>MUNRO Ship’s Journal – CAPT Lloyd, Commanding Officer

>Another Saturday Night…

Aboard MUNRO (and many other Coast Guard ships at sea) there are a few traditions including certain meals on certain days. Saturday night means pizza night. The cooks prepare the crusts then each week different groups take turns preparing the pizzas, serving, and cleaning up (under the supervision of our Food Service Specialists (FSs). Last night, it was the officers' turn in the galley. XO was working the deep sink washing pots and pans, CWO Rosenberg and one of our TAD pilots ran the ovens, while the junior officers did the assembly. I joined the EO and AEO on the serving line and our Supply Officer, LTJG Hudak was mastering the Scullery where all the plates, cups, and silverware are washed then returned to the Mess Deck. In warmer climates, the scullery is a very warm place to work.

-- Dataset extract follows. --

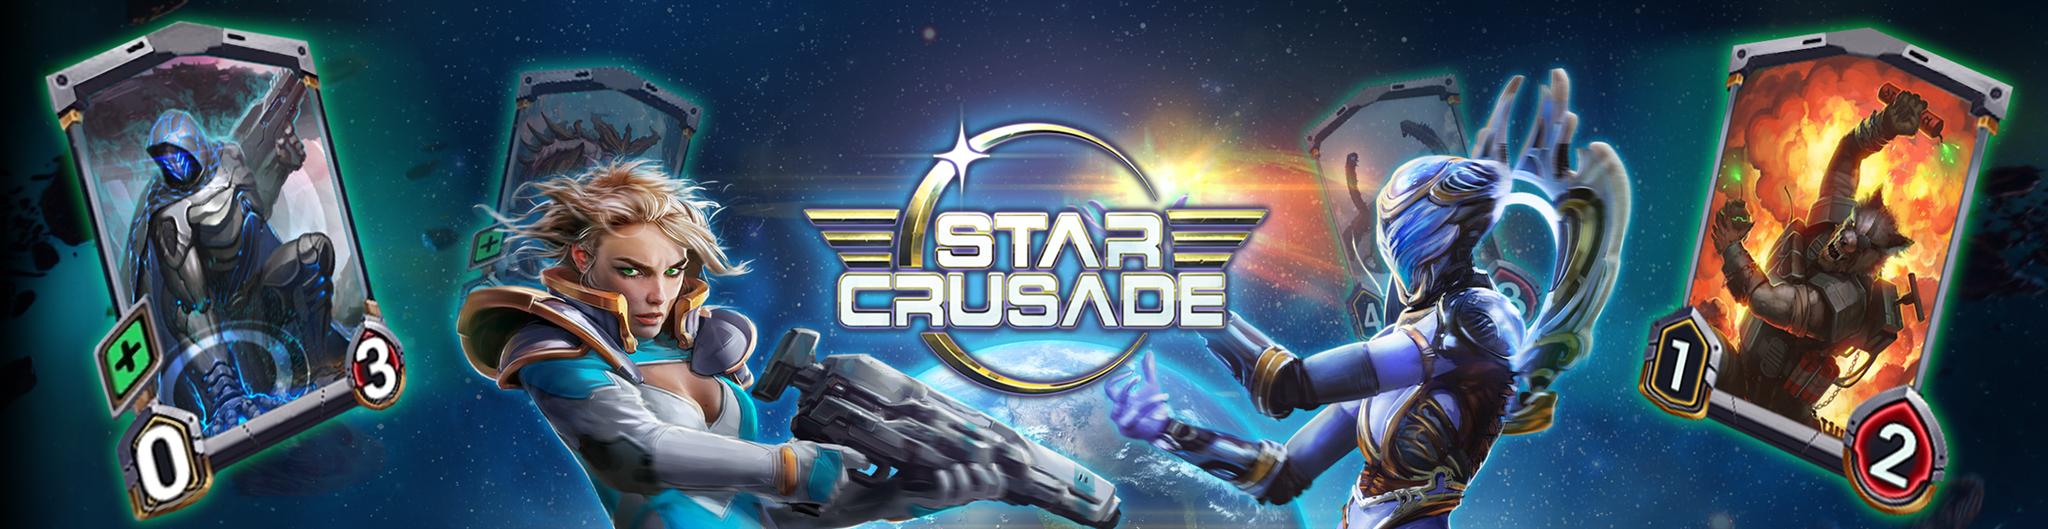 Star Crusade CCG banner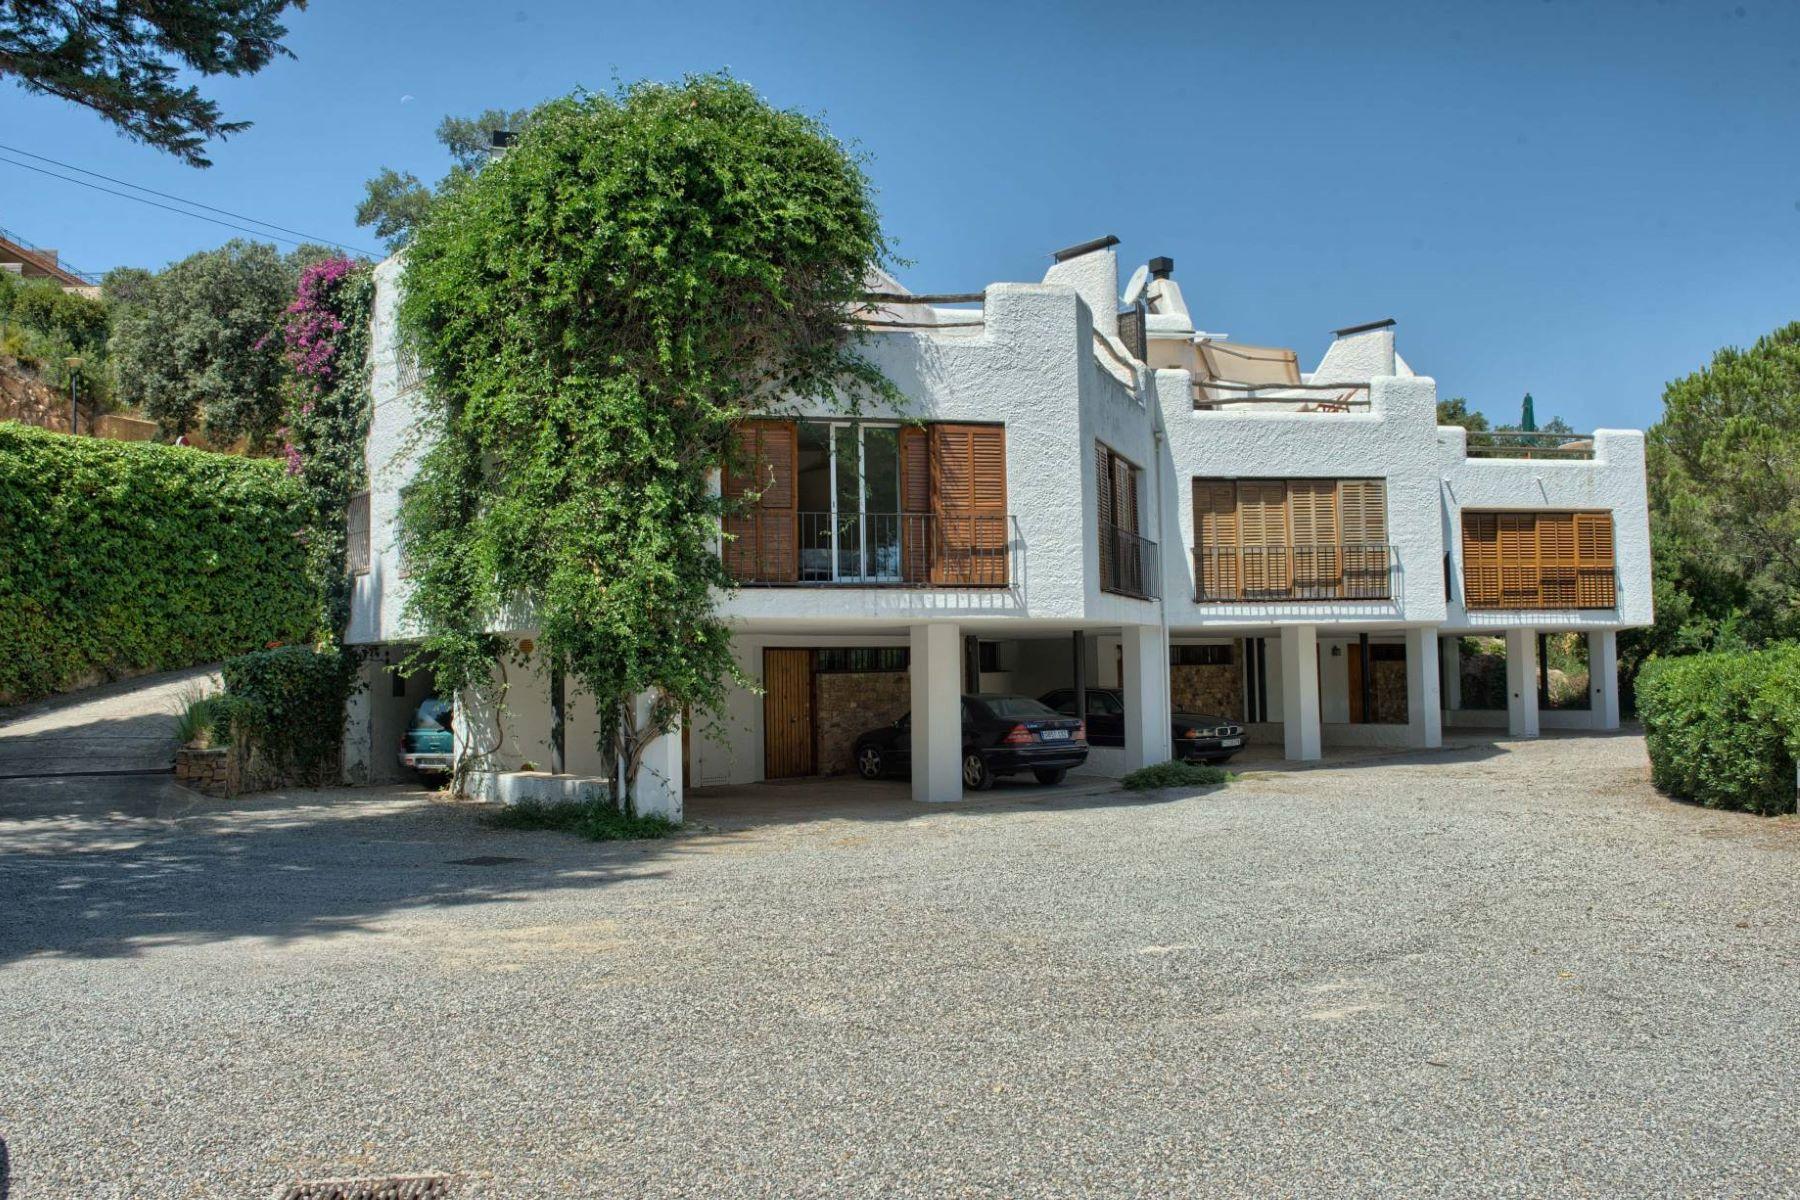 Maison unifamiliale pour l Vente à Corner terraced house 100 steps from the sea in Aiguablava Begur, Costa Brava, 17255 Espagne

After we cleaned up, GM1 Ray Surita, our morale committee president, worked with our morale committee and other volunteers to turn our Mess Deck into a Casino. Their goal was to entertain the crew with a variety of games and frozen drinks (pina coladas, daiquiris, all without the alcohol of course). There are prizes for the winners and we have a cashier who sells our play money. The proceeds benefit the Morale Fund and are used to defray the costs of the supplies.

Weather has been pretty unpleasant the last 24 hours with pretty lousy sleeping conditions last night. When the low pressure systems move into the Bering, they draw cold air down from the polar regions. This moves the ice edge south at a high rate. Plus, if the weather system 'bumps' up against a high pressure area, then we get high winds. This is what we are encountering and it's not fun. Winds last night were gusting above 50 knots and the air temperature was around ten degrees. We couldn't figure out what the wind chill was outside because our chart only goes to minus 35 and we were off the chart. We secured the weather decks and no one was allowed outside. Plus, when we get spray from the waves and it lands on the ship, it turns to ice. In order to minimize the ice forming we maintain a slow speed. If we have a SAR case or have to be someplace, it may mean stopping once in a while for the crew to get baseball bats and rubber sledge hammers and go out and break ice off the ship. Our course and slow speed is preventing ice building so we are in good shape for the moment and the fisherman are being safe with no rescue calls. It's a good thing it's Sunday as I suspect there will be a lot of tired people who need to sleep. Once we get daylight, we'll look at options for a better ride and continue to study the weather forecasts to put the ship in the safest spot and best position us for business when the weather breaks.